Public-Private Partnerships to step into funding gaps

Russia's government will pass a law next year which guarantees the rights of investors in public-private partnerships. It hopes the move will attract funds to rescue companies threatened by bankruptcy.

Public-private partnerships in the West have been constructing the likes of hospitals, schools and roads for more than 40 years. Investors build or run the infrastructure, for a share of the profits. Some P3s have proved lucrative for private partners, some disastrous. But Russia now wants them to kick-start investment, according to Evgeny Glumov, Head of PPP support, at Vegas Lex.

“A federal law next year will for the first time lay out investor rights in P3s. That should bring funds into all parts of the economy.” 

Aleksey Savelyev, Deputy CEO, Financial and Organizational Consulting, says new private money is the only thing that will save many firms from going to the wall.

“For companies brought to their knees by the crisis, P3s are a last hope.”

Demand for fresh finance at the moment is vast, and desperate.
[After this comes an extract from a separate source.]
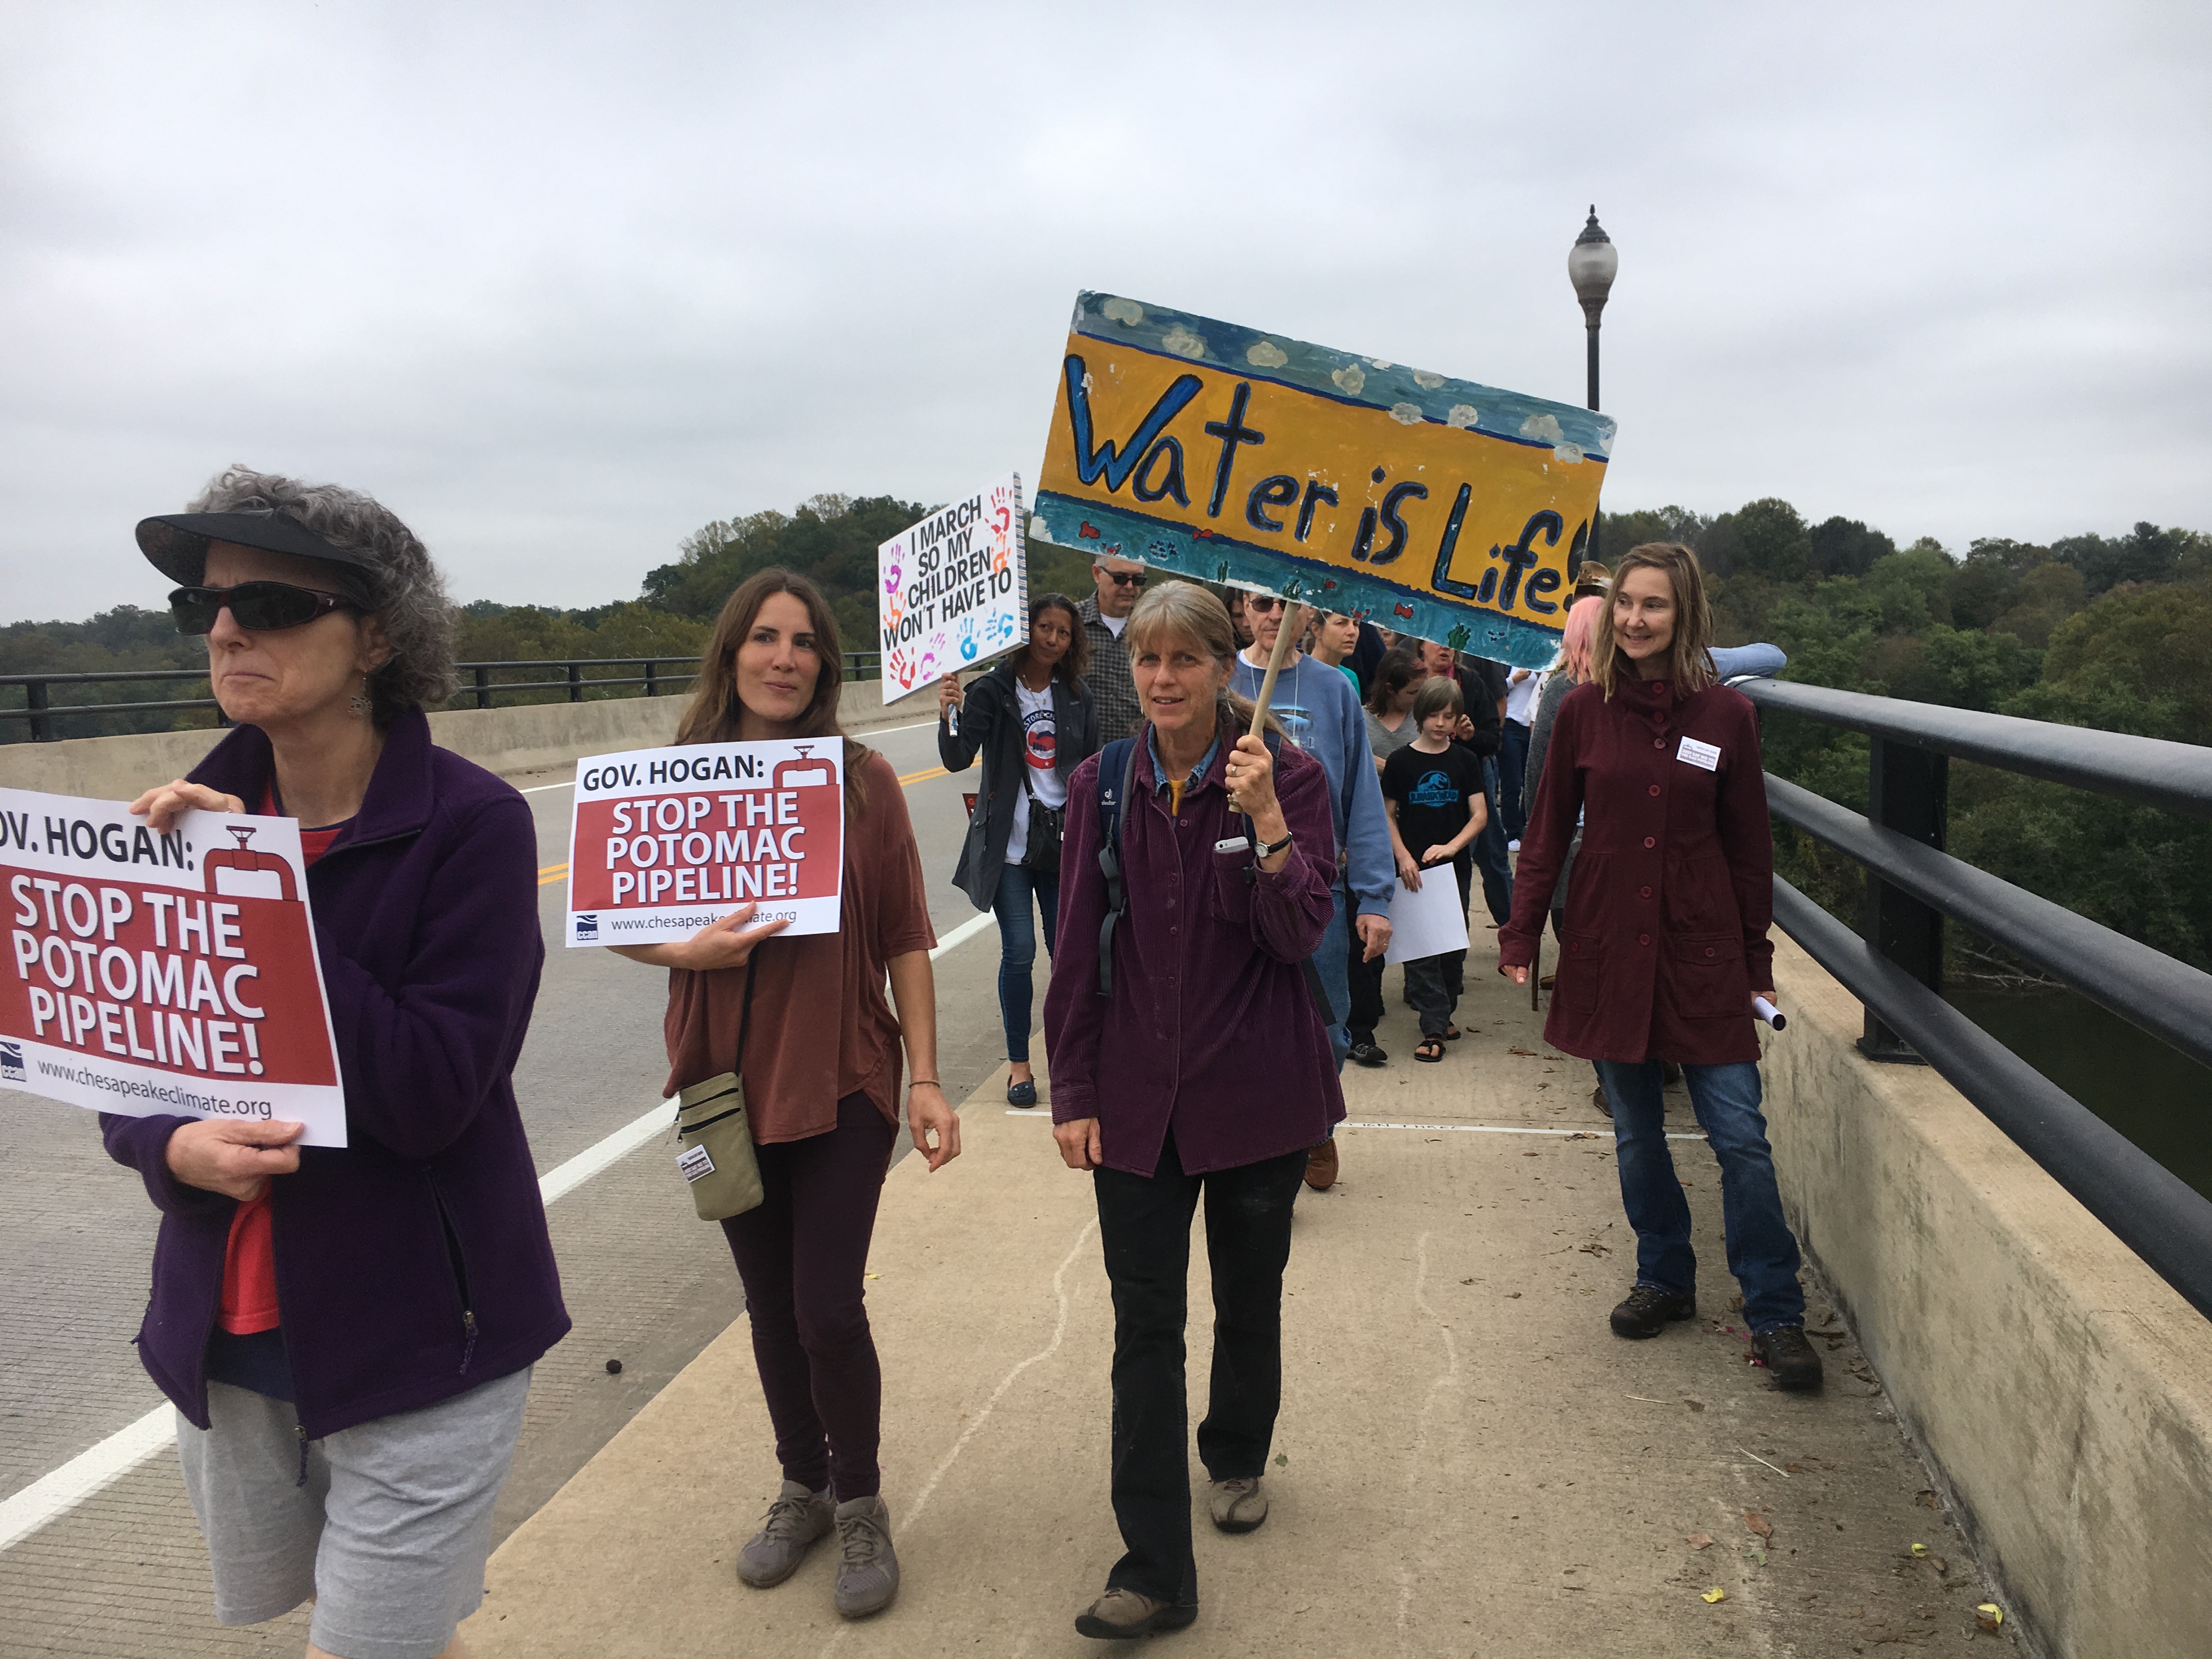 people marching against pipeline under Potomac
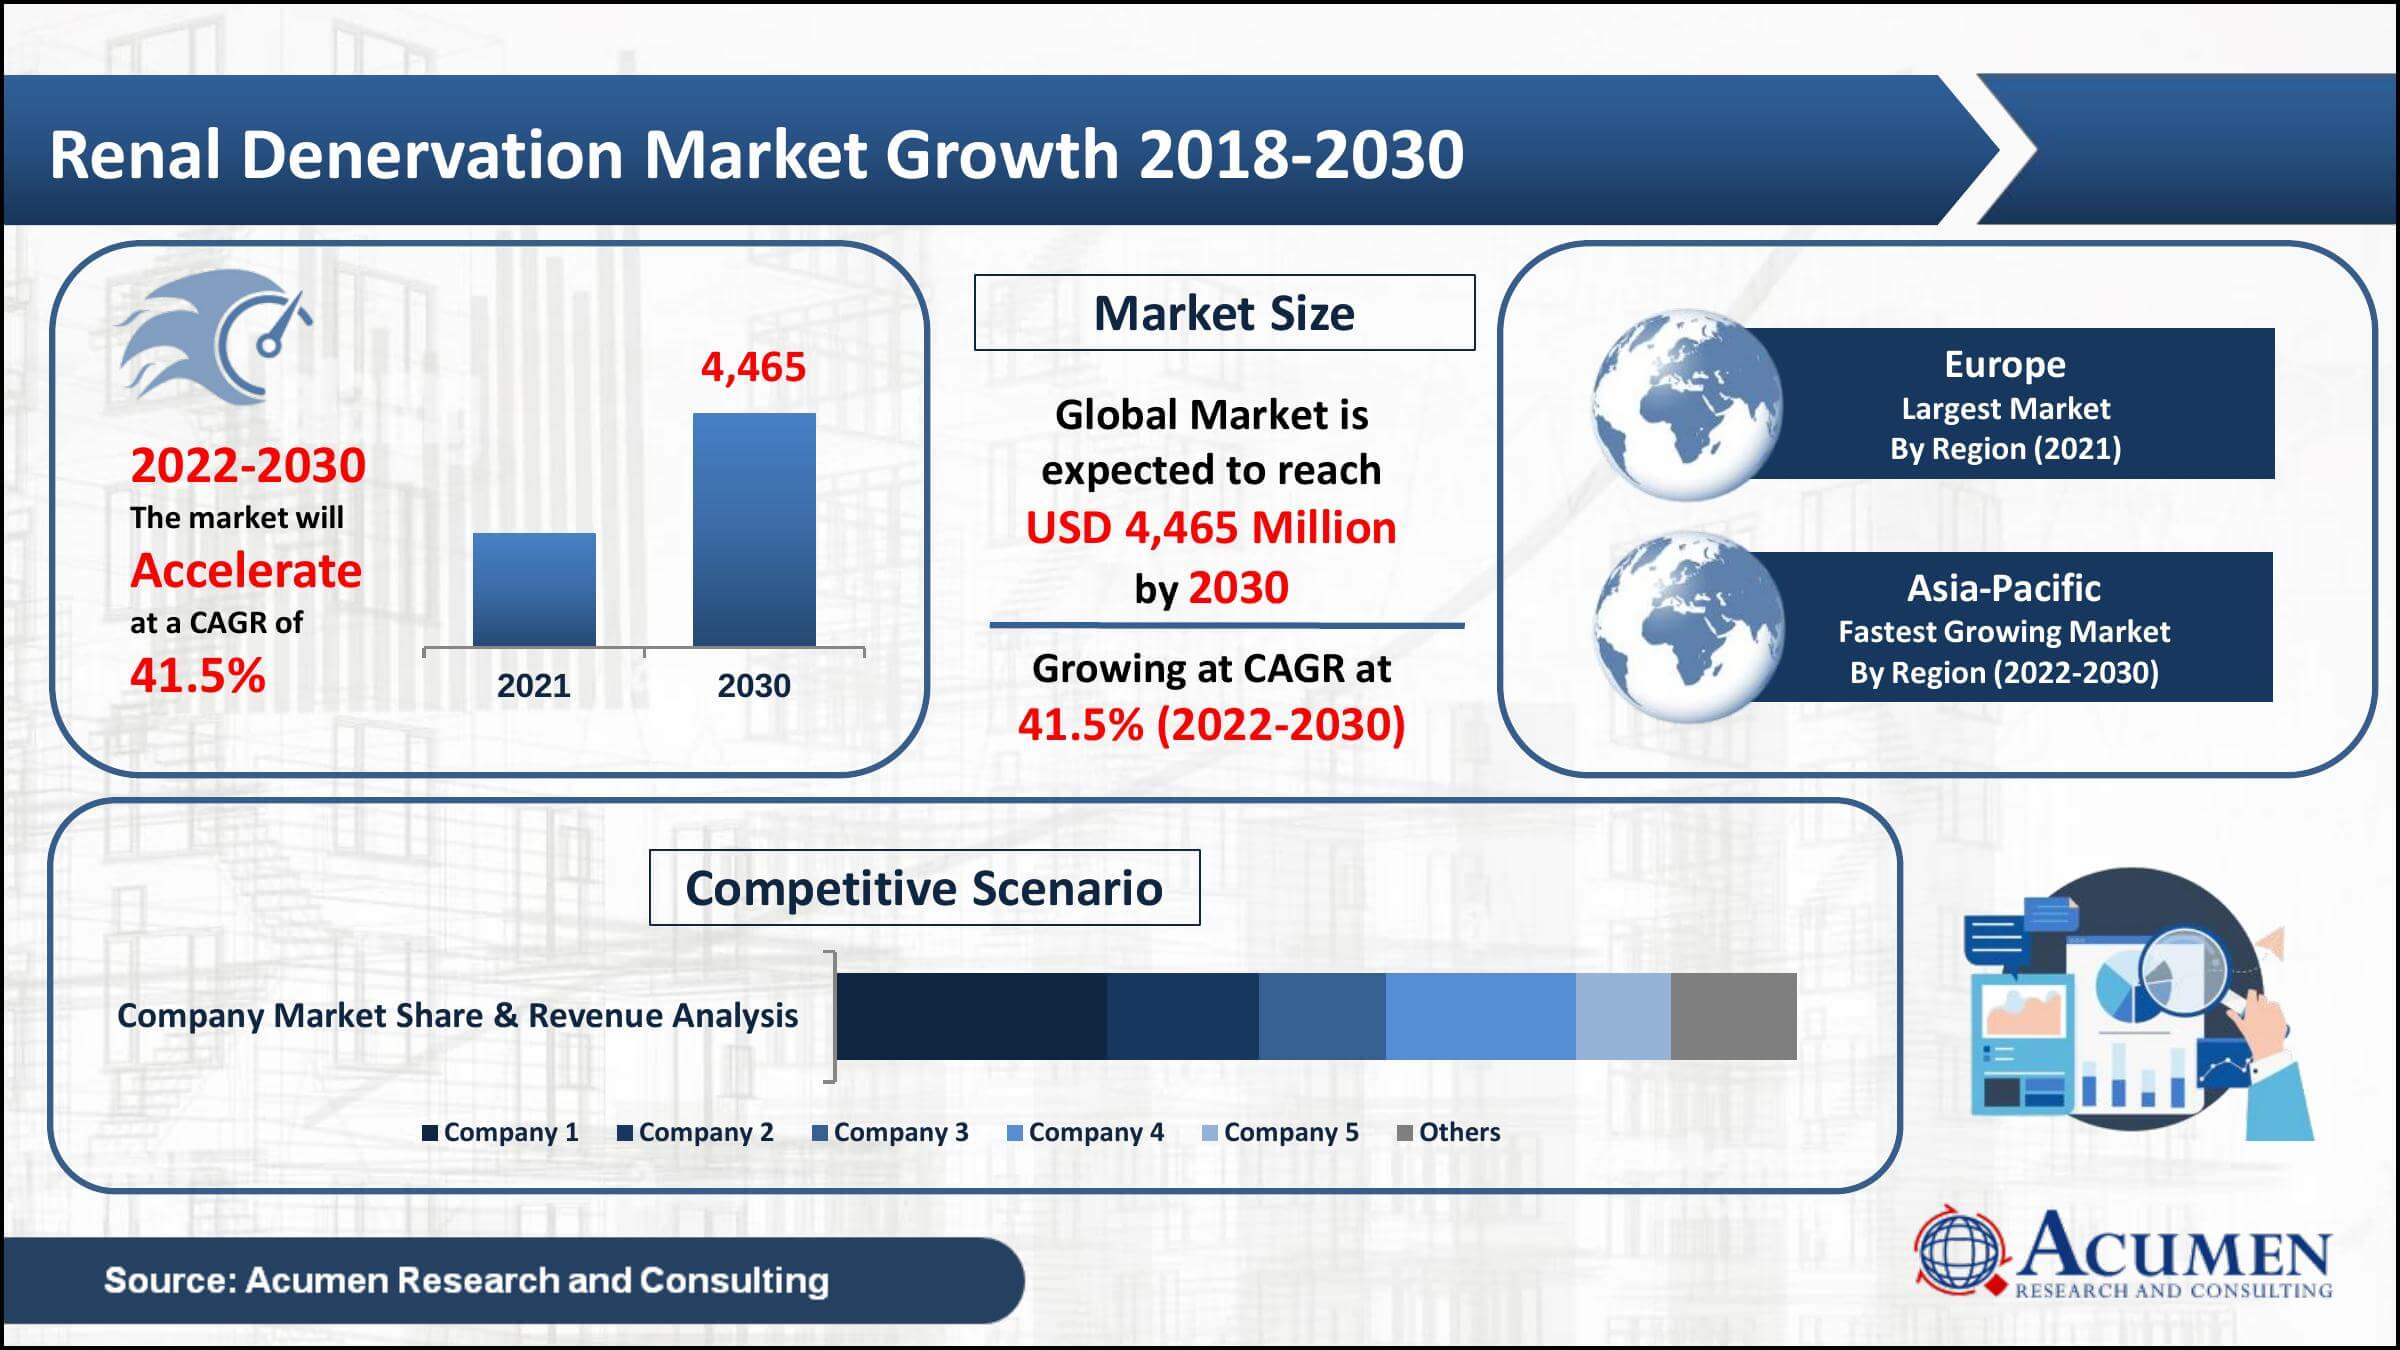 Global renal denervation market revenue collected USD 198 Million in 2021, with a 41.5% CAGR between 2022 and 2030

Top business daily Kommersant has 4 pages of news, and 27 pages of bankrupt firms selling their assets. Safes, tractors, railway lines are all for sale. Despite spending more of its reserves in the crisis than any other nation, the government needs private cash to rebuild the country.

Russia remains fairly unattractive for investors. Last week saw a year's best 188 million dollars of inflows to national funds. That's two and half times less, than rival emerging economies like Brazil.